Lying in the hollow carcass of my room, I can’t help but grieve for the sense of normalcy that was taken from my graduating class. I know I’m not alone—yesterday, as one of my last English discussions was wrapping up, someone mentioned that they felt like the semester never started. We all nodded knowingly, trying to recall the last time we were in a lecture hall. Did Strosacker really fit that many people on both the balcony and the lower level? What was it like again, hoping that Einstein’s Bagels would have your order ready before your chemistry lab started? When the class finishes, the cameras wink off, and I am left staring at a dark screen.
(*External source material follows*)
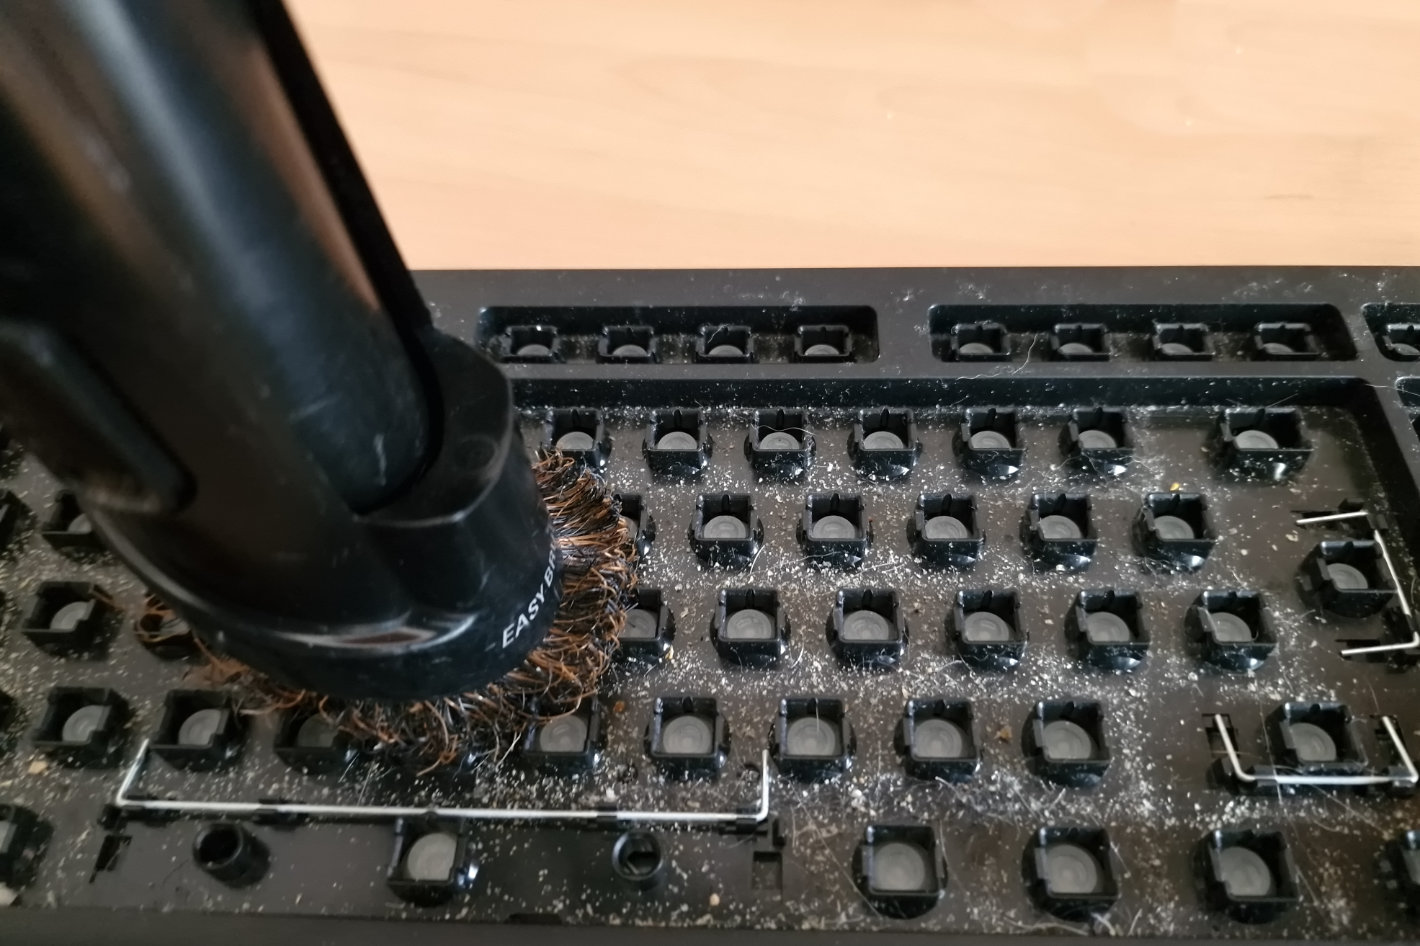 An easy guide to clean your keyboard
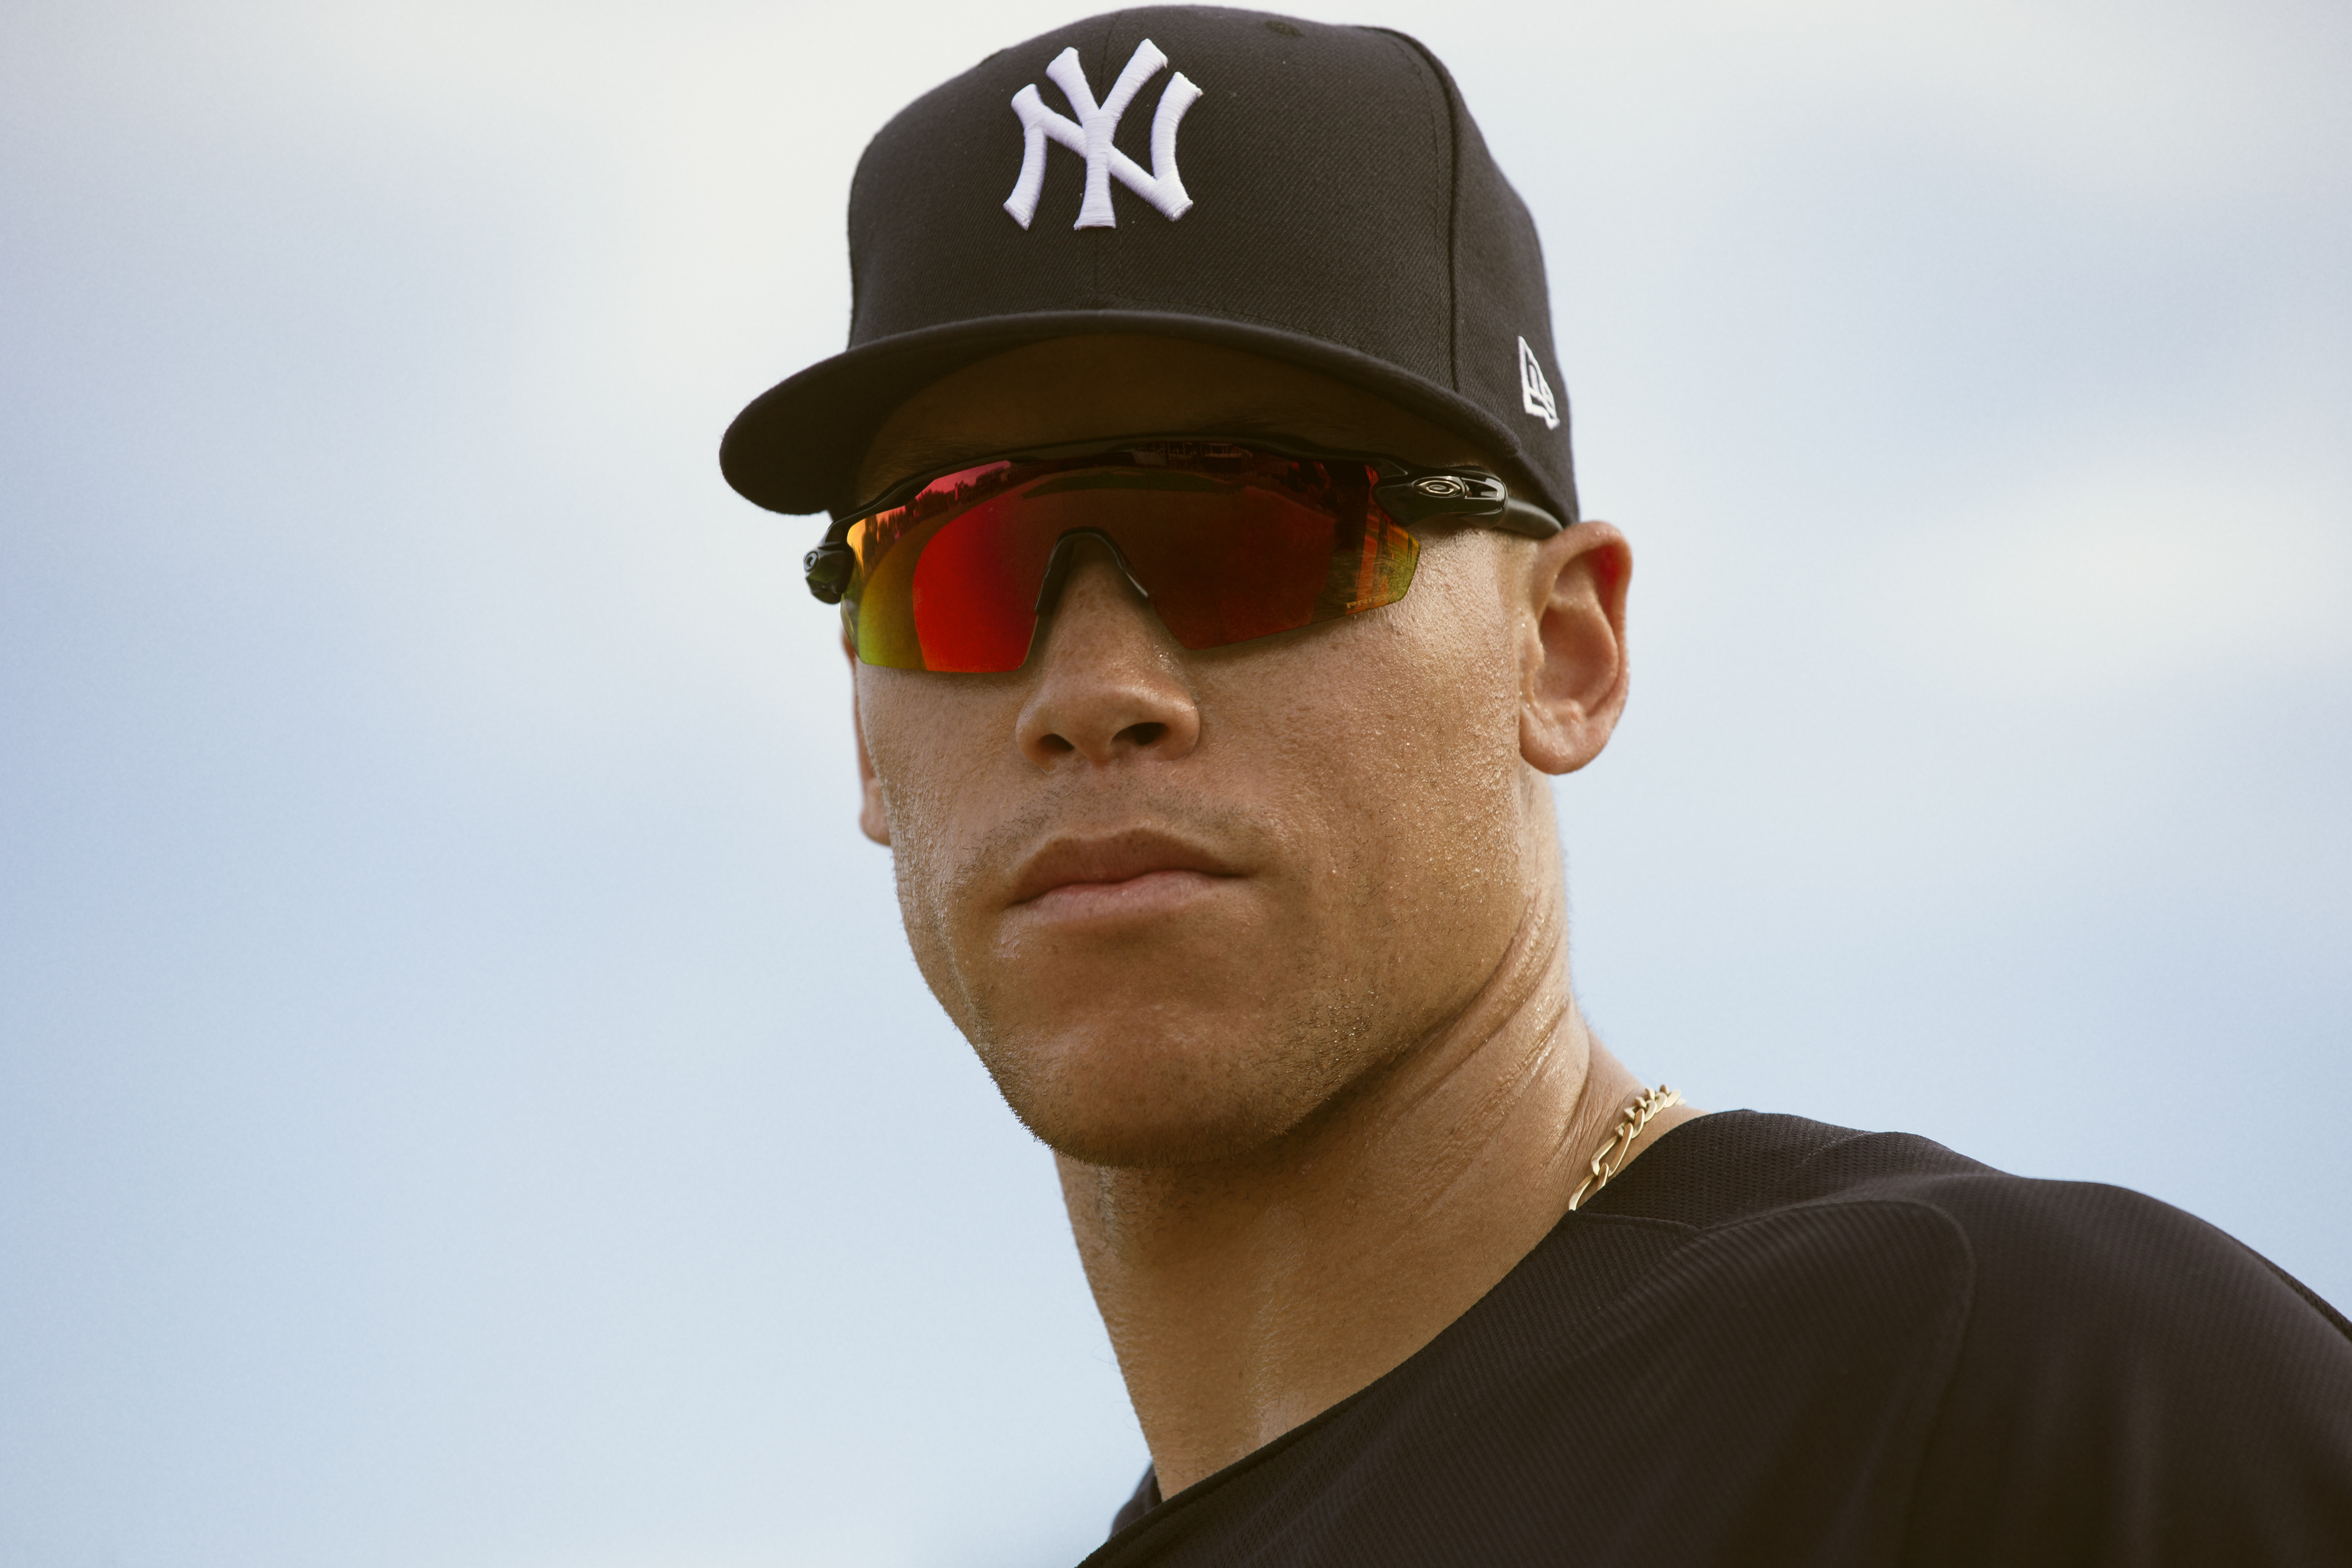 Oakley Baseball Sunglasses Buyer's Guide | SportRx.com - Transforming your  visual experience.

It’s the last year of your undergraduate career, and you’ve just finished a year-and-a-half long research grant. COVID’s stolen away your last summer of research, but you’ve always been an optimist. At a virtual science conference, you had the chance to speak with Carmen Drahl, a freelance science writer, about her job. “This is what I’ve been missing the whole time,” you say to yourself. Finding inspiration from Tobili Hatcher––a reporter who also started her senior year––you’ll find yourself pitching your position as a science reporter at The Observer to fourth-year Grace Howard, the news editor, and you’ll write your first article highlighting student research at CWRU. As you crank out an article every week, some of them closer to the deadline than others, your voice continues to grow in confidence, and your articles become better and better. Some of them will explain grand, scientific discoveries, like finding water on the moon, but you’ll enjoy writing the smaller, everyday ones more, like explaining how trees photosynthesize. You’ll find yourself under the mentorship of seasoned editors, and you’ll learn from them. There’s so many people to thank: third-year Copy Editor Hannah Allen, second-year Copy Editor Sara Khorshidi, fourth-year Director of Print Chris Markham, fourth-year Development Editor Yvonne Pan and third-year Executive Editor Nathan Lesch, to name a few. In your interactions with them over Google’s comments feature, you’ve seen how they’ve been a part of your own voice over the nine months.

Being at The Observer will help you land an internship as a multimedia intern and, eventually, a spot as a content editor at the intercollegiate magazine Synapse. It’s something you hope to make time for next year at Yale as a graduate student in STEM. But more importantly, being at The Observer will foster your love for crafting a story. In that year of isolation, journalism is a means of connection: interviewing others in a virtual space and bringing their own stories, ideologies and interests to the general public will be one of the most rewarding experiences of your college career. As I’m writing this, I want to thank you. Though you don’t know it, I know you’ll take the time and energy to continue doing something you’ve always loved.

When I finish my letter, I sit for a few moments, resting in the silence of my room. When I reflect on my senior year, I feel embittered. I know I’ll never get this last year back. Still, if I look past what I’ve lost, I’m realizing that the pandemic’s helped us to redefine our sense of storytelling. I know that, at least partially, the pandemic caused me to get into journalism, shaping my own ability to storytell.

“Sometimes,” my friend says to me, “when I’m in lab, I listen to an audiobook.” Others watch reality television on Netflix. For me, I’ve found solace in the podcasts and poems I listen to while I’m taking my daily quarantine walk. In our collective struggle to find community, we’ve turned to an age-old tradition of storytelling.  

In my last year, it’s been an honor to be a part of that tradition at CWRU, and it’s something I hope to take with me no matter what I’ll be doing in the future. No matter how many words I write, I cannot fully express how grateful I am to The Observer for giving me the space to use my voice. Although I don’t feel quite ready yet, I know my time with The Observer is coming to an end. So I’ll say this to conclude—as a last thank you, I’d like to thank you, reader, for supporting me through this journey. It’s been wonderful to have your support over the past nine months, and hopefully we’ll be able to meet again in another article.